## Your assignment:
Take the line that contains "Maße: 1 Zoll x 1 Zoll" and each one after it through the last line below, and retype them exactly. Leave out the pictures.

## Task inputs:
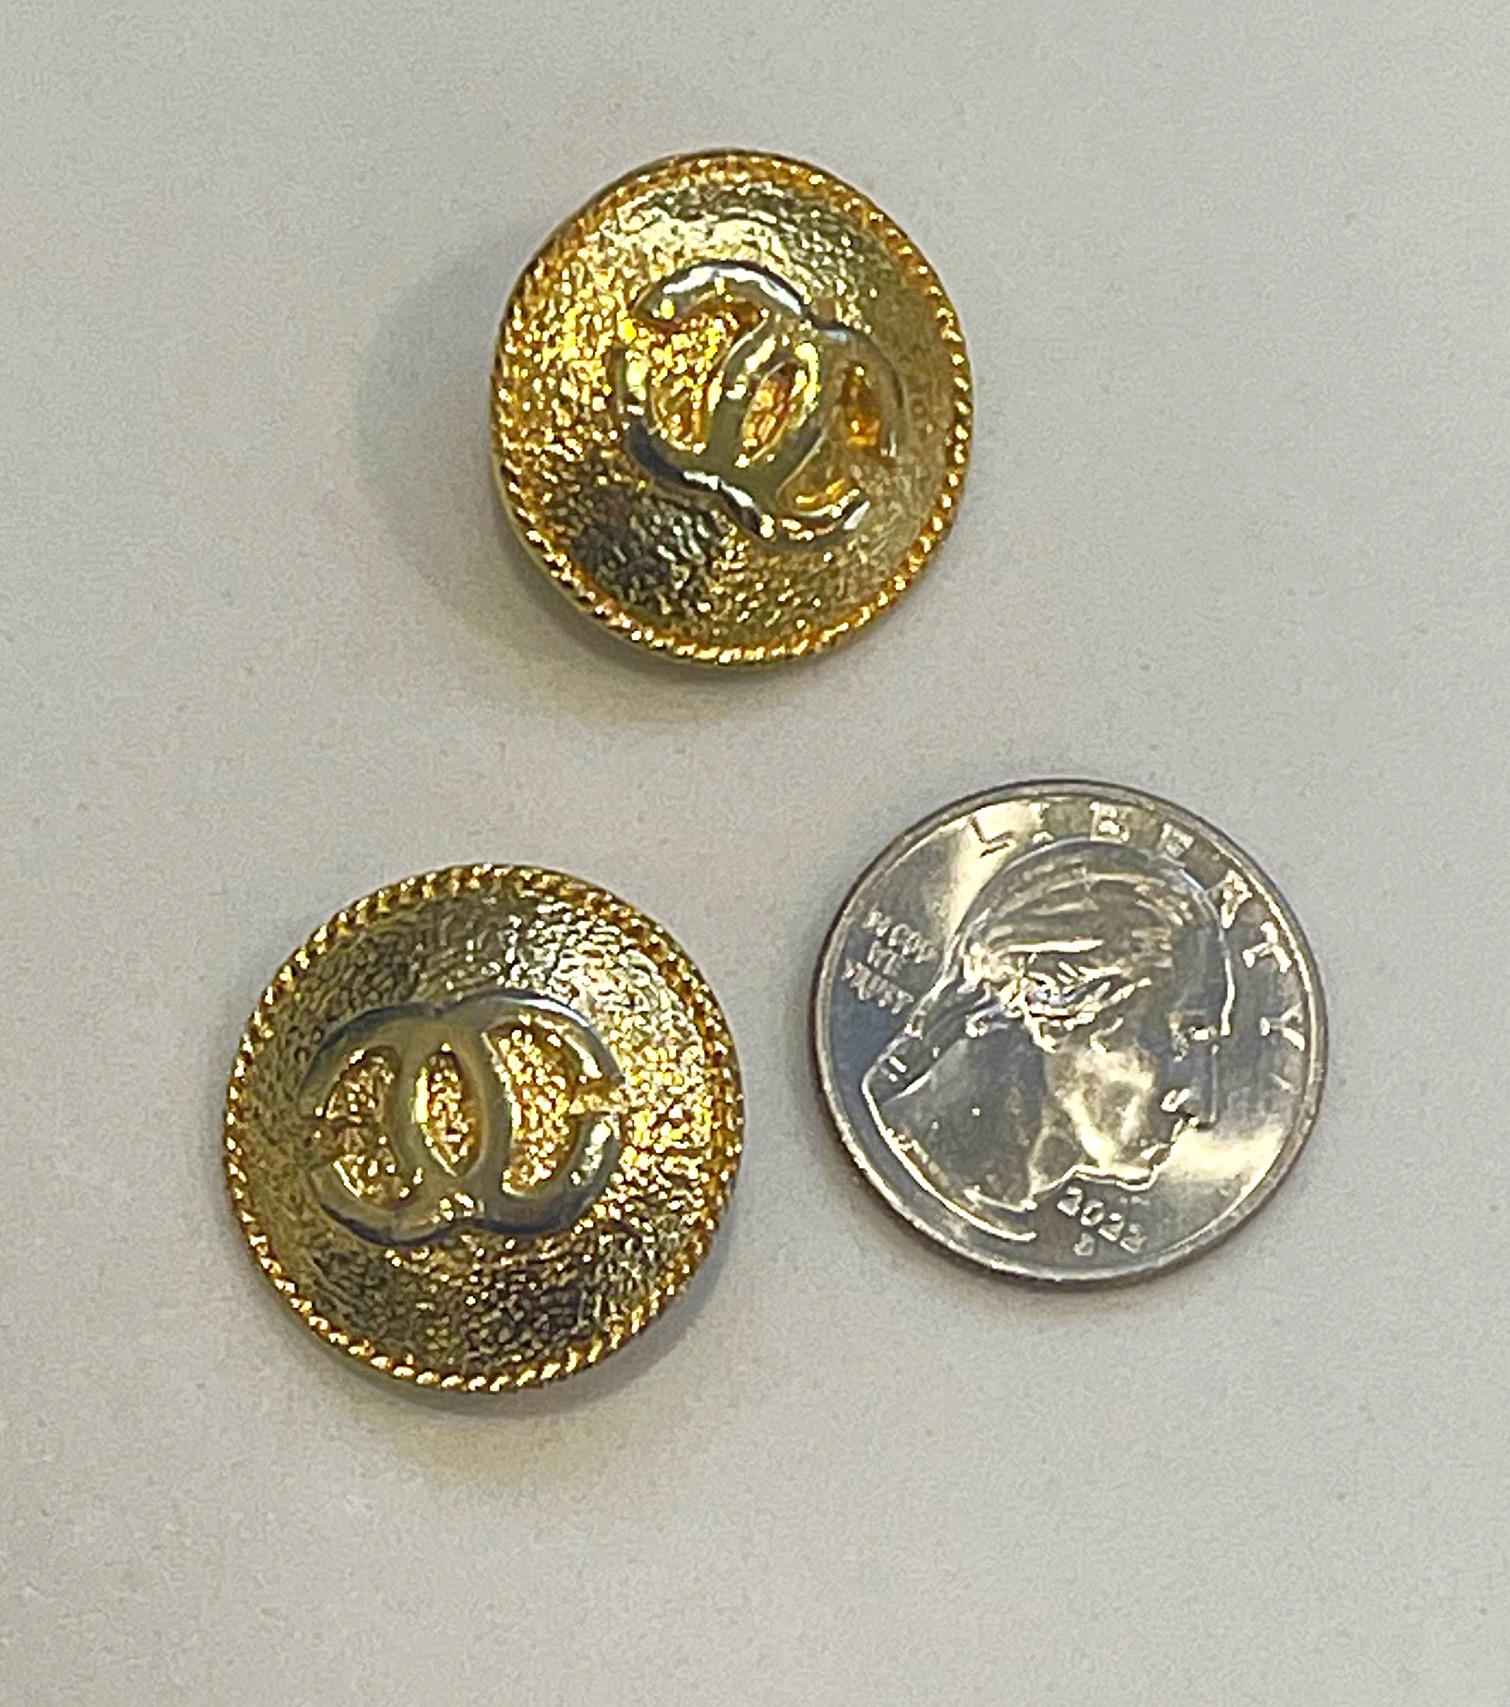 Zwei vintage CHANEL goldfarbene Knöpfe mit CC-Logo-Prägung. Can als Knöpfe verwendet werden, oder kann leicht in Ohrringe oder eine Brosche verwandelt werden.
In gutem Zustand 
Maße: 1 Zoll x 1 Zoll
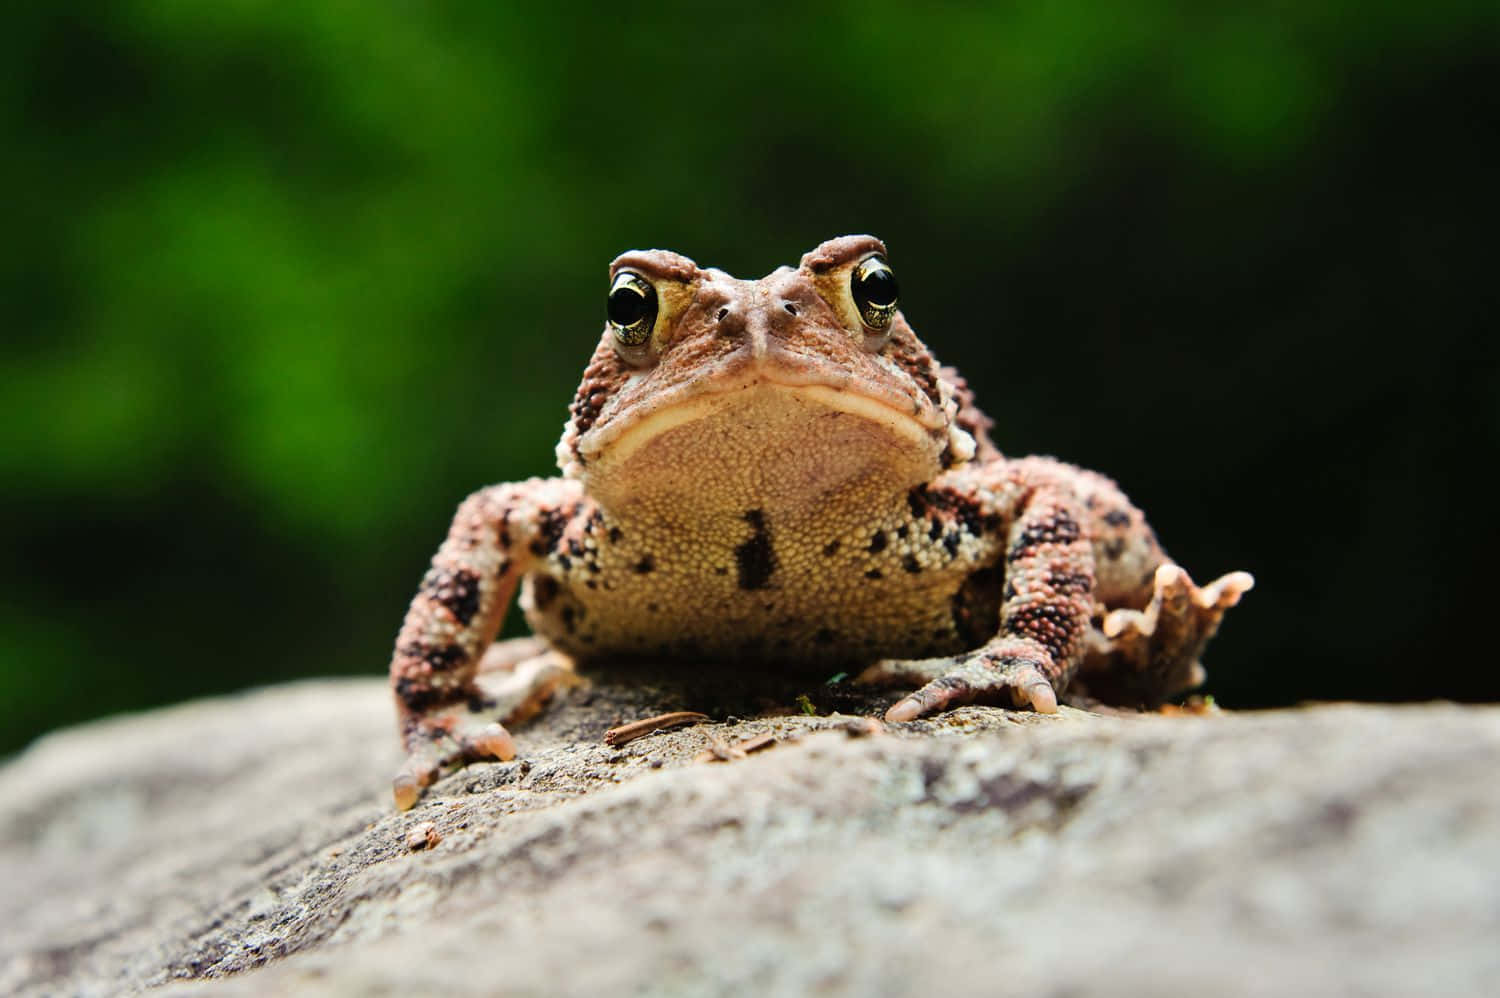 Close Up True Frog On Rock.jpg Wallpaper
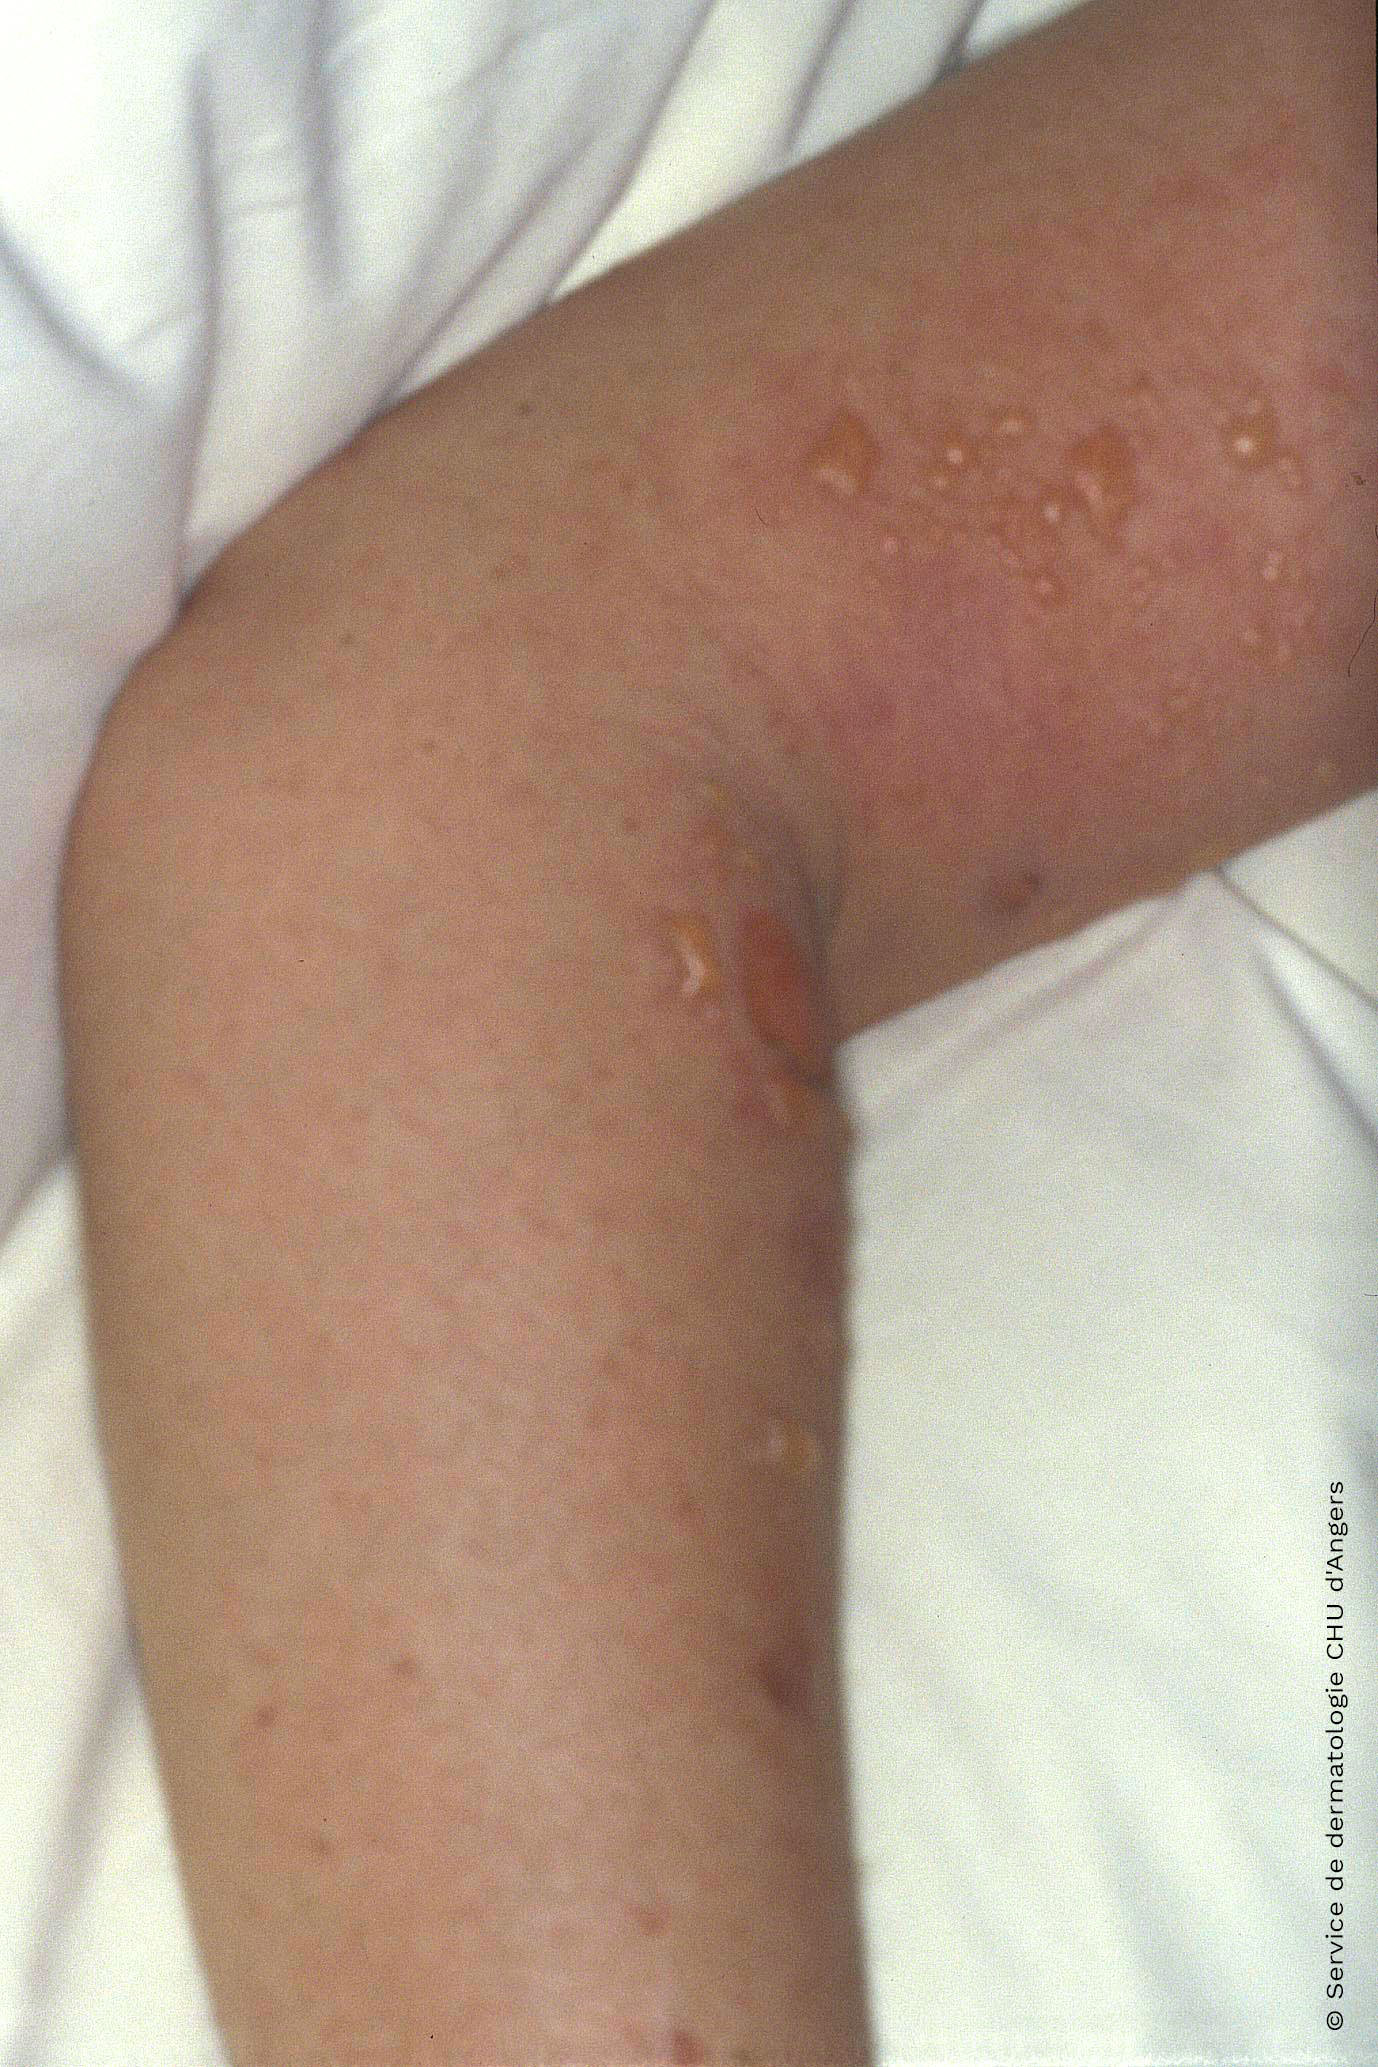 Eczema de contacto agudo en el brazo debido al ketoprofeno

## Answer box:
Maße: 1 Zoll x 1 Zoll
 Close Up True Frog On Rock.jpg Wallpaper
 Eczema de contacto agudo en el brazo debido al ketoprofeno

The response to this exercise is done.